Biffi: come l’intelligenza artificiale sblocca la produttività
- 9 Aprile 2026
- Posted by: Tony
- Categoria: Aziende
Il potenziale dell’Intelligenza Artificiale come moltiplicatore di produttività e il ruolo strategico delle Scienze della Vita come settore guida per la competitività regionale sono stati al centro di un dibattito promosso da Assolombarda durante la Pavia Innovation Week, manifestazione dedicata a scienza, innovazione e cultura che anima il territorio dal’8 all’11 aprile.
L’evento ha posto l’accento sulla necessità di costruire connessioni efficaci tra ecosistema accademico, mondo imprenditoriale e politiche di sviluppo locale, affinché le idee possano trasformarsi in valore economico e sociale per il territorio.
Il claim dell’iniziativa, «La genetica dell’innovazione. Idee che diventano futuro», non mira a celebrare l’innovazione in astratto, ma a individuare i fattori concreti — capitale umano, infrastrutture di ricerca, meccanismi di trasferimento tecnologico e strumenti finanziari — che consentono a un’idea di attecchire e creare impatto.
Tra gli strumenti discussi, un ruolo centrale è stato assegnato all’Intelligenza Artificiale e ai progetti di condivisione dati sicura. In particolare Assolombarda ha illustrato ForgIA, una piattaforma pensata per la collaborazione protetta tra imprese, capace di generare modelli di AI costruiti sulle esigenze industriali reali.
Intelligenza artificiale e ForgIA
Alvise Biffi ha spiegato:
“La città di Pavia dispone di un’università tra le più antiche d’Europa, centri di ricerca riconosciuti a livello internazionale come la fondazione Chips.it e un tessuto imprenditoriale dinamico. L’obiettivo dell’Innovation Week è mettere in relazione questi elementi per far emergere il potenziale trasformativo della tecnologia. Per questo portiamo qui ForgIA: un ecosistema aperto ma protetto, che consente alle imprese di collaborare pur rimanendo concorrenti sul mercato, con l’intento di modellare un’Intelligenza Artificiale al servizio delle esigenze reali dell’industria. Questo progetto produce ricadute concrete: aumentare la produttività del 10% nelle micro, piccole e medie imprese industriali del territorio genererebbe circa 2,4 miliardi di euro di valore aggiunto, equivalente a un incremento di 0,8 punti di PIL nell’area compresa tra Milano, Monza Brianza, Lodi e Pavia. È questo il potenziale applicabile anche a settori strategici come le Scienze della Vita.”
Questa stima mette in evidenza come interventi mirati in materia di tecnologia e processi produttivi possano avere effetti immediati sull’economia locale. Progetti come ForgIA puntano a diminuire le barriere alla condivisione dei dati, migliorare i flussi informativi tra imprese e centri di ricerca e accelerare l’adozione di soluzioni digitali nell’industria manifatturiera e nei servizi ad essa connessi.
Scienze della Vita: un motore per la competitività
Un’altra direttrice strategica indicata durante la manifestazione è rappresentata dalle Scienze della Vita.

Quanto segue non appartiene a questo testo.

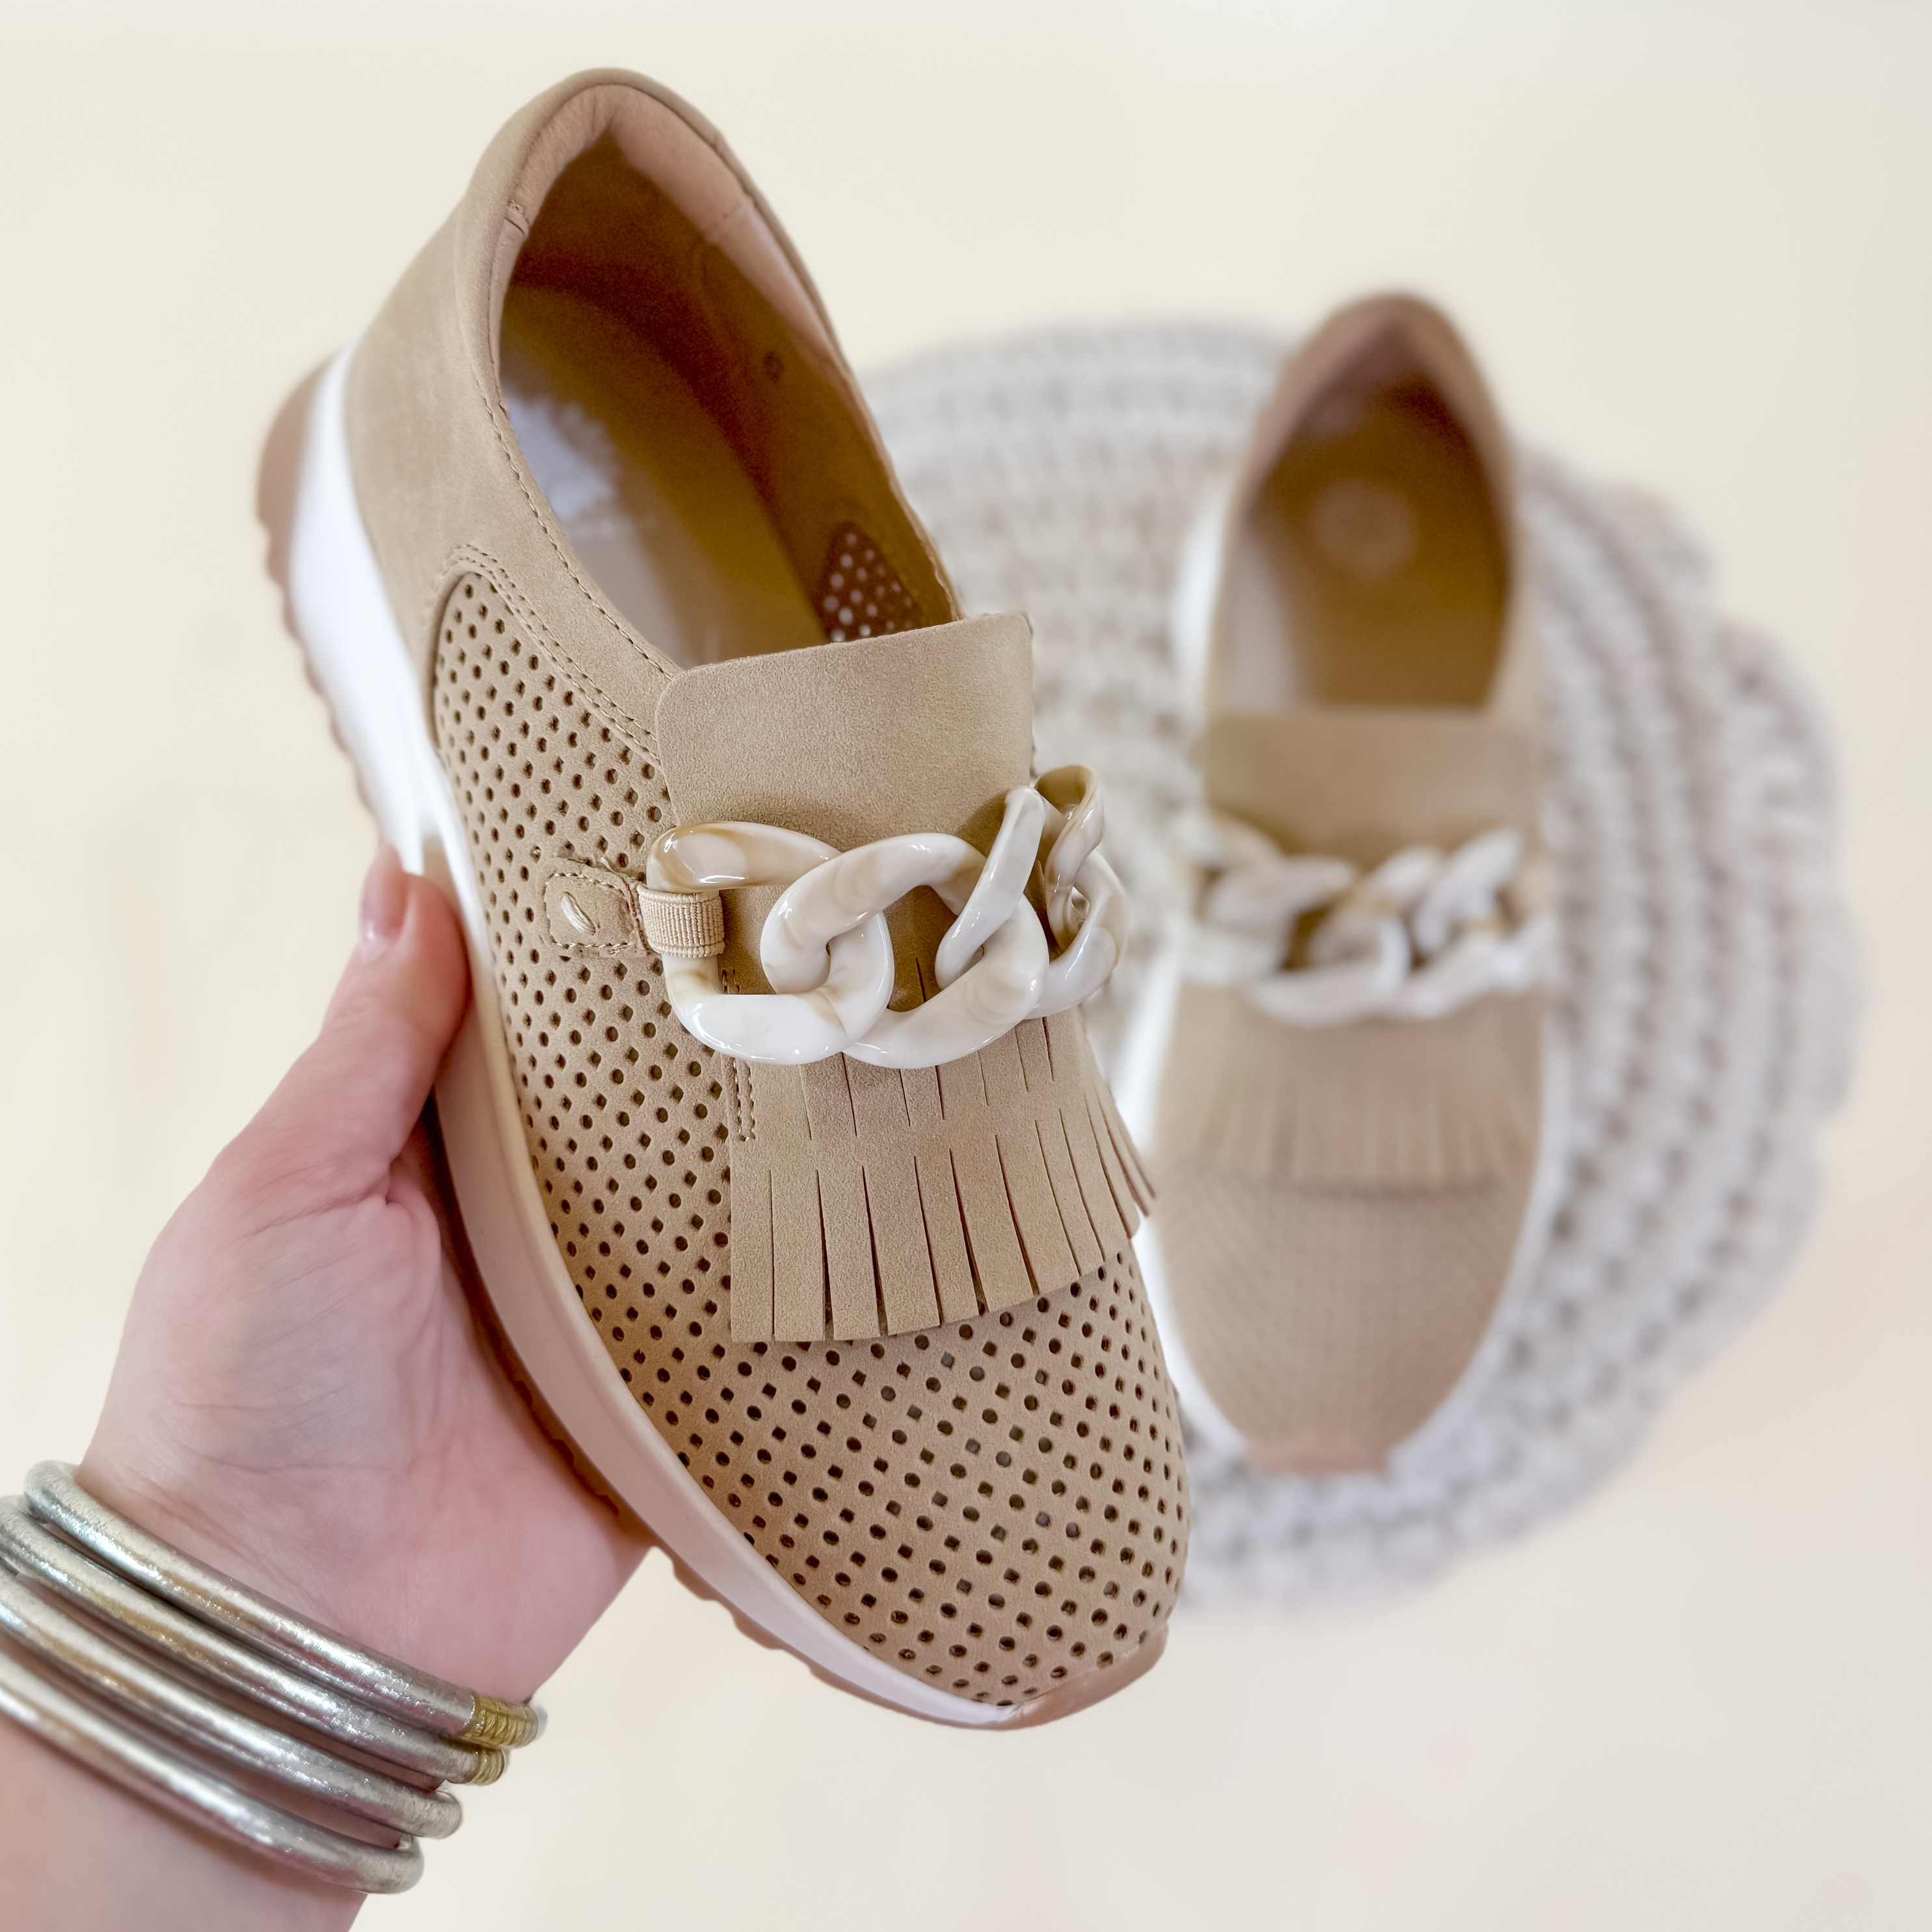 Yellowbox | Riska Slip-on Loafer in Sand - Giddy Up Glamour Boutique

La Lombardia vanta un ecosistema ricco di imprese biotech, centri di ricerca e strutture ospedaliere che favoriscono la ricerca clinica e il trasferimento tecnologico; molte di queste eccellenze sono localizzate proprio nell’area pavese.
Per valorizzare questo patrimonio è necessario rafforzare il raccordo tra università, centri di ricerca, startup e investitori, nonché semplificare percorsi di collaborazione pubblico‑privata. La creazione di reti territoriali, piattaforme per la condivisione sicura dei dati e politiche di incentivazione mirate può accelerare lo sviluppo di terapie, dispositivi medici e soluzioni diagnostiche con ricadute occupazionali e di crescita economica.
Dal punto di vista istituzionale, ciò richiede coordinamento tra amministrazioni locali, agenzie per l’innovazione e rappresentanze imprenditoriali, oltre a meccanismi di finanziamento che favoriscano la fase di scale‑up delle imprese innovative. In questo contesto, iniziative come la Pavia Innovation Week fungono da catalizzatore, mettendo in relazione competenze scientifiche e capacità produttive e facilitando il dialogo tra soggetti che devono cooperare per tradurre idee in progetti concreti.
Nel complesso, il dibattito ha ribadito che l’adozione responsabile e contestualizzata dell’Intelligenza Artificiale, unita a politiche di sostegno per le Scienze della Vita, rappresenta una leva fondamentale per la crescita economica e la transizione tecnologica del territorio.